I wasn’t convinced about the associativity property of posets, and the proof i found on math.stackexchange seemed reasonable, but still i couldnt wrap my head around it.
I tried to make a counter example, such that (x ∨ y) ∨ z ≠ x ∨ (y ∨ z)
(b ∨ c) ∨ d = h and b ∨ (c ∨ d) = i ; in this diagram 
But associativity rule says that both should be equal, i.e “h = i”.

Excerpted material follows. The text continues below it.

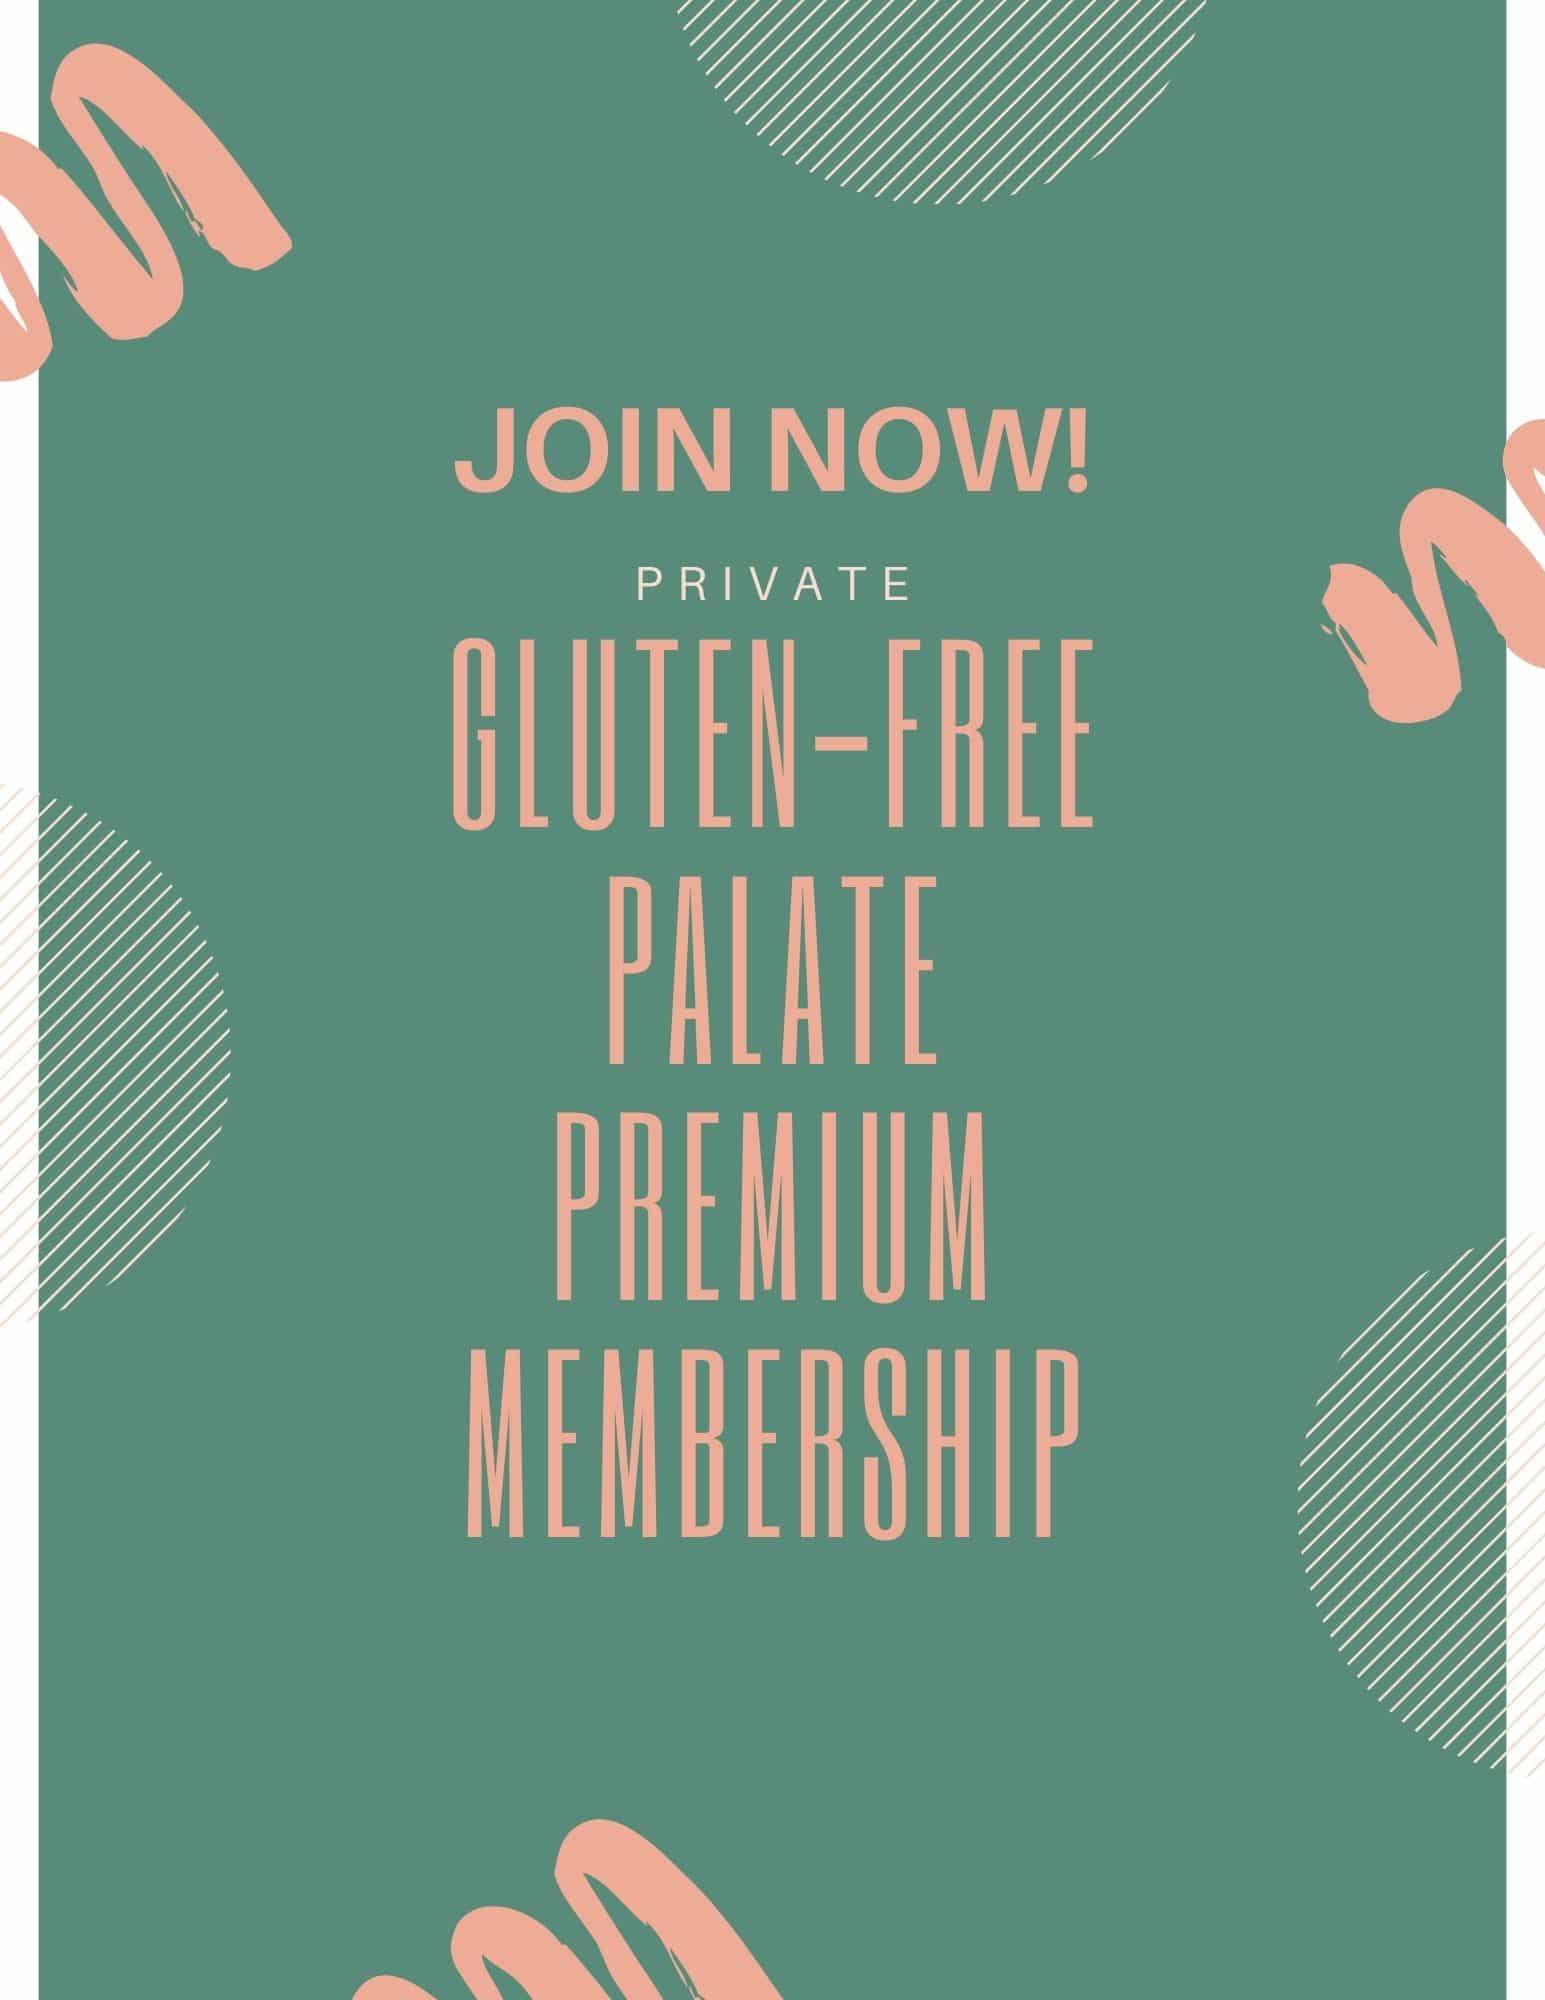 Button to join gluten free palate premium membership program

I’m not able to figure out where im going wrong. I feel that the diagram is a poset, because it is reflexive, antisymmetric and transitive, but i know it has to be wrong, otherwise it would’ve satisfied associativity.
But i cant seem to figure out why this diagram isn’t a poset and where am i going wrong. please help
Your partially ordered set does not have a well defined least upper bound function; that is, $\vee$ does not define an operation in your set. That’s why you are not getting equality.
For the benefit of those who don’t want to open your image, you are taking a sub-poset of the power set of $\{1,2,3,4,5,6\}$, that consists of the following sets:
You are then taking $b=\{1,2\}$, $c=\{1,3\}$, $d=\{1,4\}$.
Then the least upper bound of $b$ and $c$, $b\vee c$, is $\{1,2,3\}$; the least upper bound of $\{1,2,3\}$ and $d=\{1,4\}$, $(b\vee c)\vee d$ is $h=\{1,2,3,4\}$.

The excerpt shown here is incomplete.